The I copied gpiopps.dtbo on the sdcard into /boot/dtb/overlays/
I've added fdt_overlays="gpiopps.dtbo" and gpiopps_load=YES to /boot/loader.conf
Boot the board (orangepi one in my case) :
# dmesg | grep gpiopps
gpiopps0: <GPIO PPS> on ofwbus0
gpiopps0: PPS input on gpio0 pin 20

Toggle the pin a few times, then :
$ vmstat -i | grep gpio
gic0,s11: gpio0                                           5          0
gpio0,pa_eint20:-s0                                       5          0

So interrupts are correcly arriving into the controller (and probably into gpiopps).
Note that when a pin is into interrupts mode on Allwinner you can't see it's state with gpioctl, that's how the hardware is designed.
This is using PA20 as it's easy enough to access on this board, if you want to sue PG11 replace the gpios property in the dtso by :
gpios = <&pio 6 11 0>; /* PG11 */
That's bank number 6, pin 11 in this bank.
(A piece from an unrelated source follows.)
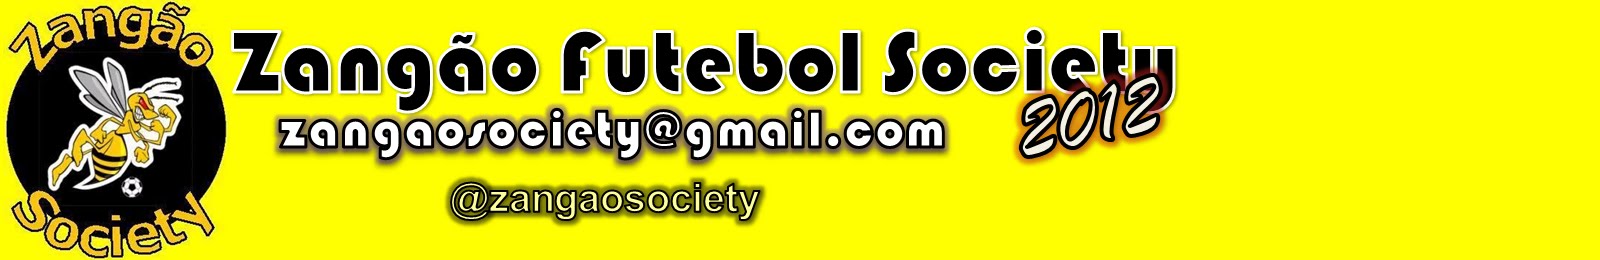 Zangão Futebol Society - @zangaosociety - zangaosociety@gmail.com

Let me know if that helps you.


----------



## unitrunker (Apr 11, 2020)

I know even less of device trees.

I was thinking you could set a timer to trigger a periodic interrupt. Your interrupt code could sample the gpio pin. This isn't as good as an edge triggered interrupt but is meant as a workaround.


----------